Throughout the 1980s, Gusmão led both Falintil and the CRRN, gradually distancing himself from the Fretilin party. He began efforts to make Falintil non-partisan and transform it into the armed wing of a unified resistance movement. On 12 May 1983 Gusmão proclaimed the convergence of all nationalists in their struggle against Indonesian occupation, and by April 1984, Gusmão had proclaimed the ideological independence of Fretilin from the overall resistance movement and began to re-structure the armed resistance movement.

In the first week of August 1983, Falintil fighters attacked an Indonesian Army engineering unit, resulting in the deaths of 16 soldiers. On 31 August 1983, the Indonesian Army began military operations around Viqueque, about 100 km from Dili. A spokesman for the Indonesian Embassy in Canberra said about 3,200 troops in four battalions, including special forces, were deployed with tanks and troop transport aircraft.

On 5 May 1985 Gusmão sent the Fretilin central committee, operating in exile, a message informing them of the structure of the CRRN and assuming the title of Commander-in-Chief of Falintil. A significant step in the unification of the resistance movement occurred in March 1986 when Fretilin and UDT agreed to establish the "nationalist convergence". Meanwhile, the Falintil guerrilla force continued to launch attacks against Indonesian soldiers. In June 1986, diplomats in Jakarta acknowledged losing between 20 and 35 soldiers in a Falintil ambush.

On 20 June 1988, the National Resistance of East Timorese Students (Resistência Nacional dos Estudantes de Timor-Leste, RENETIL) was created in Indonesia, reporting directly to Falintil and Gusmão. On 31 December 1988, Gusmão officially announced that Falintil was now the non-partisan armed resistance wing of the unified resistance movement, which was to be known as the National Council of Maubere Resistance (Conselho Nacional da Resistência Maubere, CNRM).

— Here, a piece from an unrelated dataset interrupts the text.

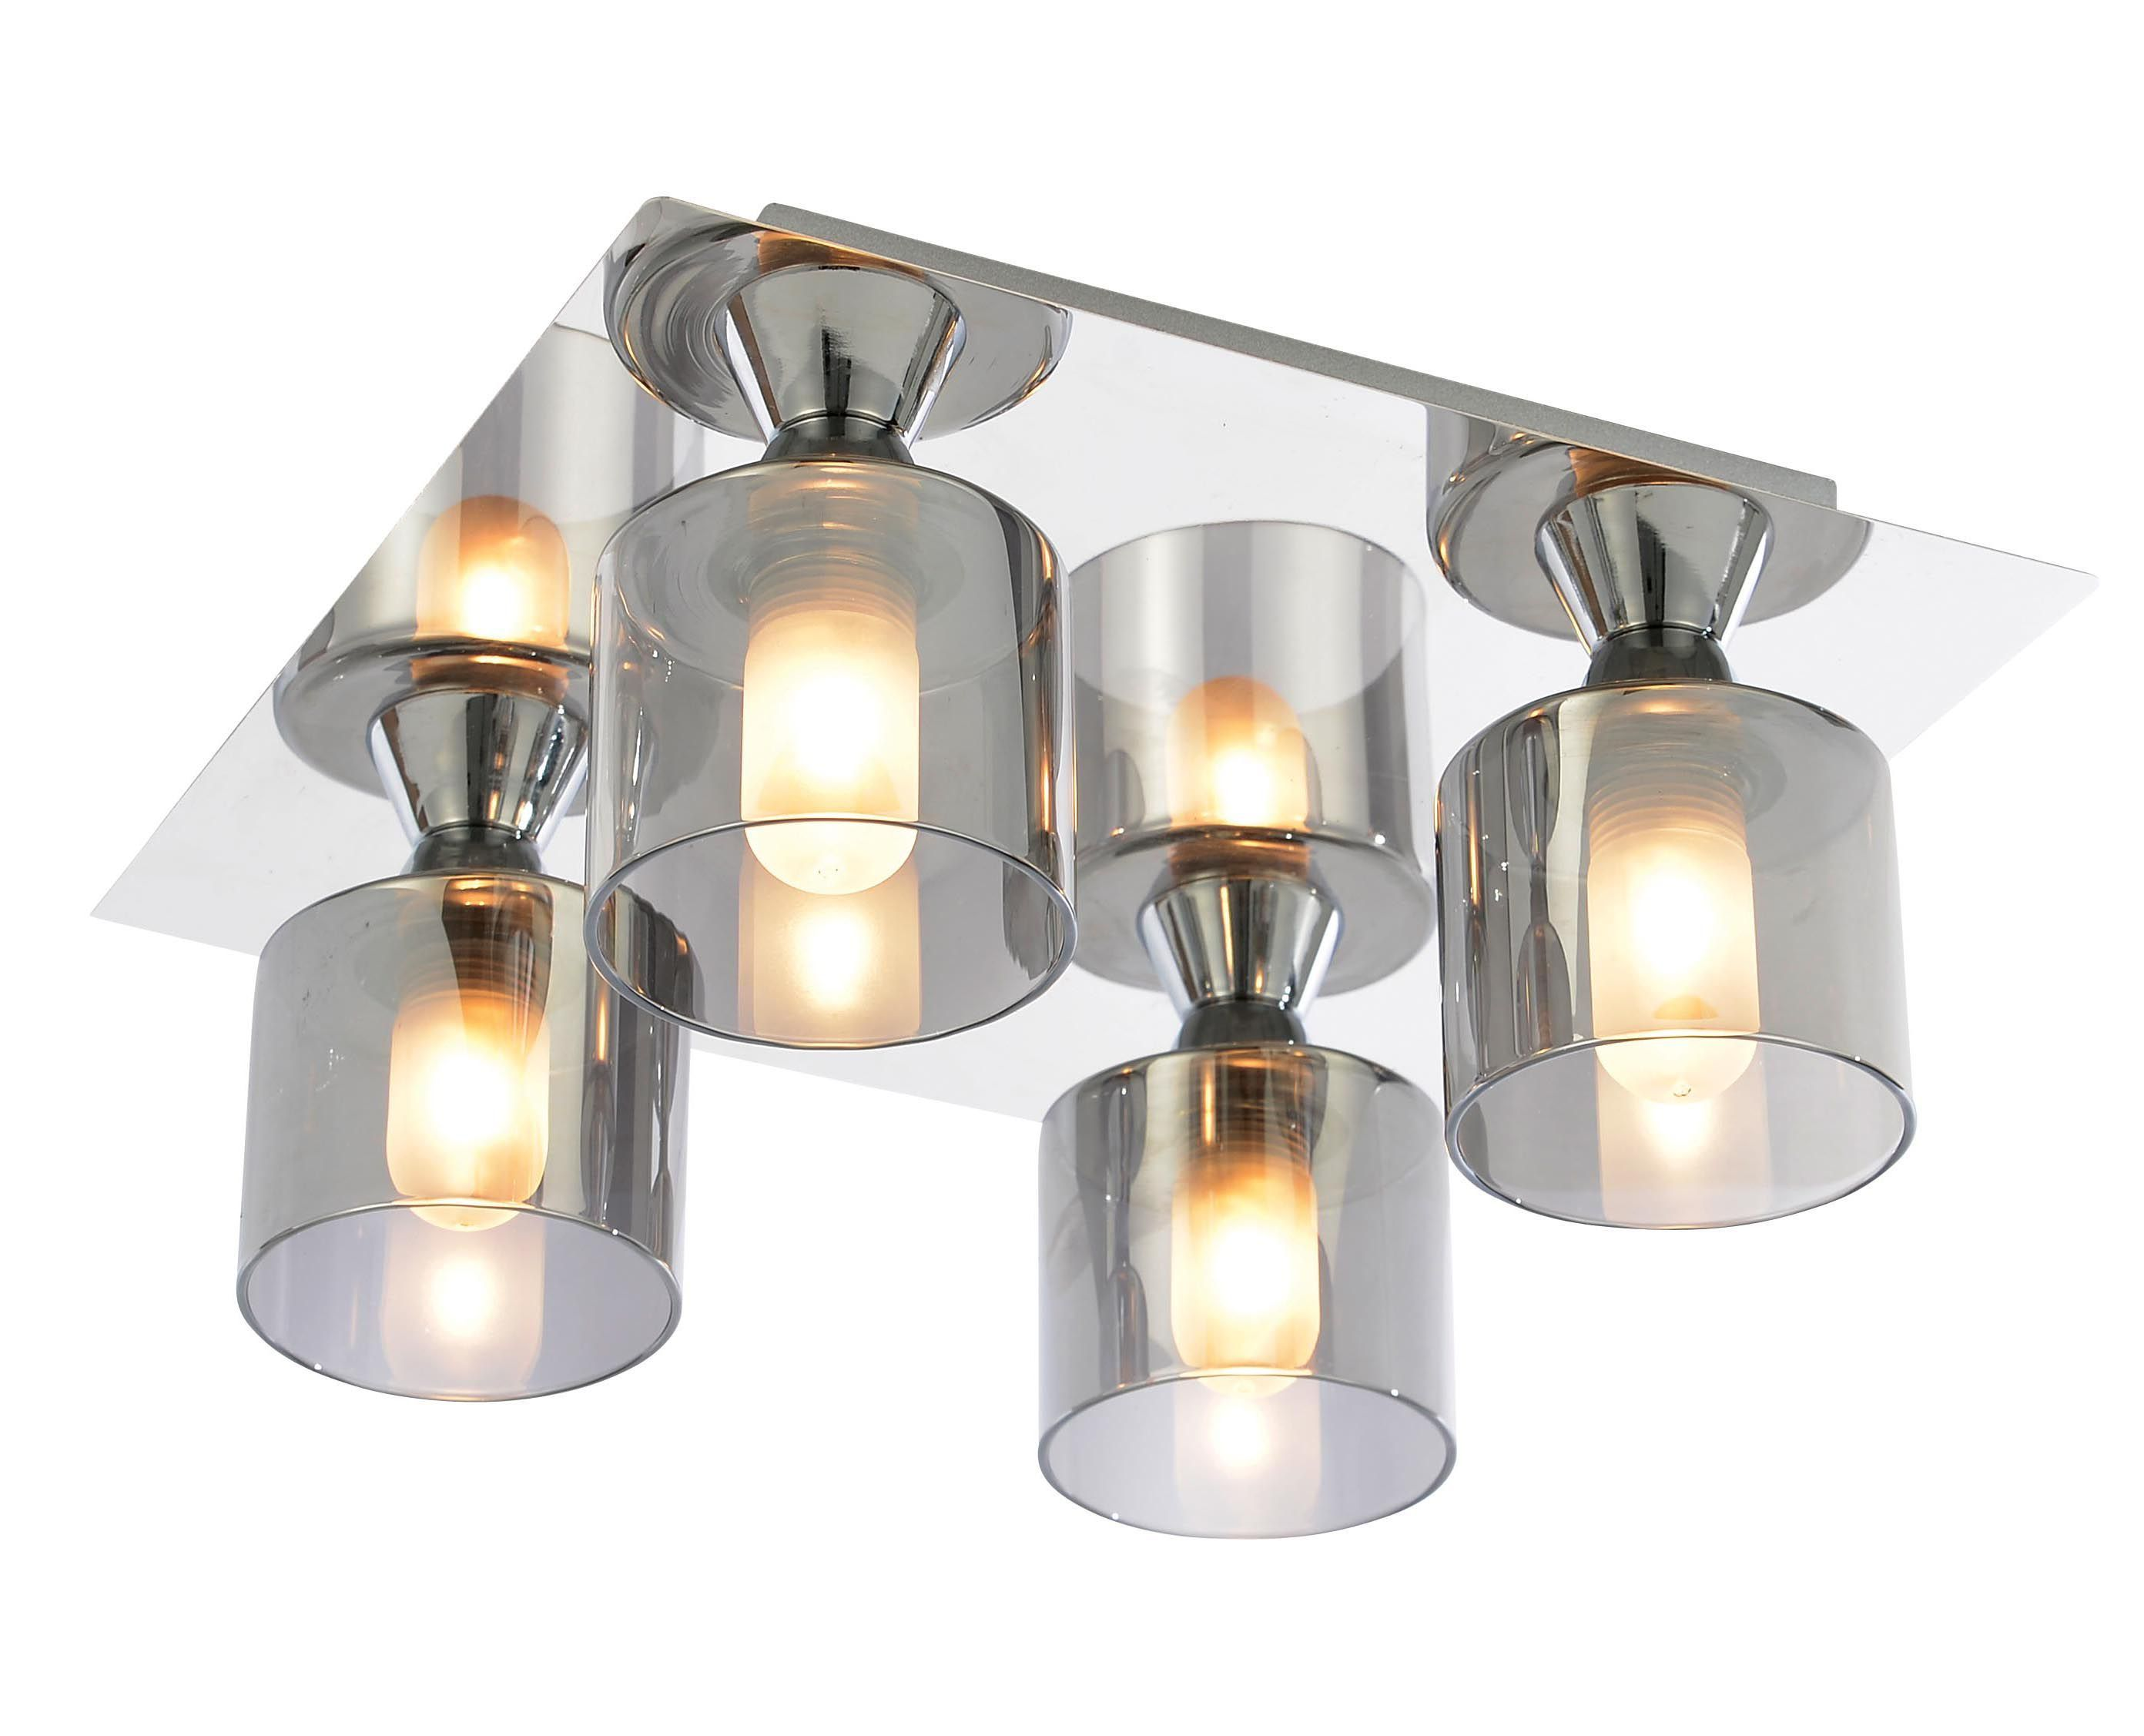 Cobark Clear Smoked Effect 4 Lamp Bathroom Ceiling Light  Ceiling Brilliant Bathroom Ceiling Light Inspiration Design

Between 23 and 28 May 1990, the CNRM held an extraordinary meeting to restructure the resistance movement. During the conference Gusmão officially resigned from Fretilin while remaining Commander-in-Chief of Falintil and President of the CNRM. This meeting also saw the formation of the Clandestine Front (Frente Clandestina), which came about from the recognition that Falintil, the armed resistance, had been significantly weakened by many years of guerrilla activity against the Indonesian military. The formation of the Clandestine Front was part of a strategy to organize the population against the occupying forces. These events led to an upsurge in activity against the resistance movement by the occupiers, which led many resistance leaders to flee to the mountains or overseas and led to the arrest of Gusmão on 20 November 1992. Ma'Huno Bulerek Karathayano, a member of Fretilin's central committee, became the leader of the resistance only to be arrested himself on 5 April 1993. Nino Konis Santana replaced Karathayano as leader on 25 April 1993, and by September, all factions of the resistance had accepted Santana as the movement's leader. Taur Matan Ruak was appointed Commander of Falintil. Under Santana's leadership, the restructuring started by Gusmão was further reinforced under the CNRM umbrella with Santana as leader of the Executive Council of the "Struggle", Ruak in charge of Falintil, and Keri Laran Sabalae (i.e. Pedro Nunes) taking charge of the Clandestine Front.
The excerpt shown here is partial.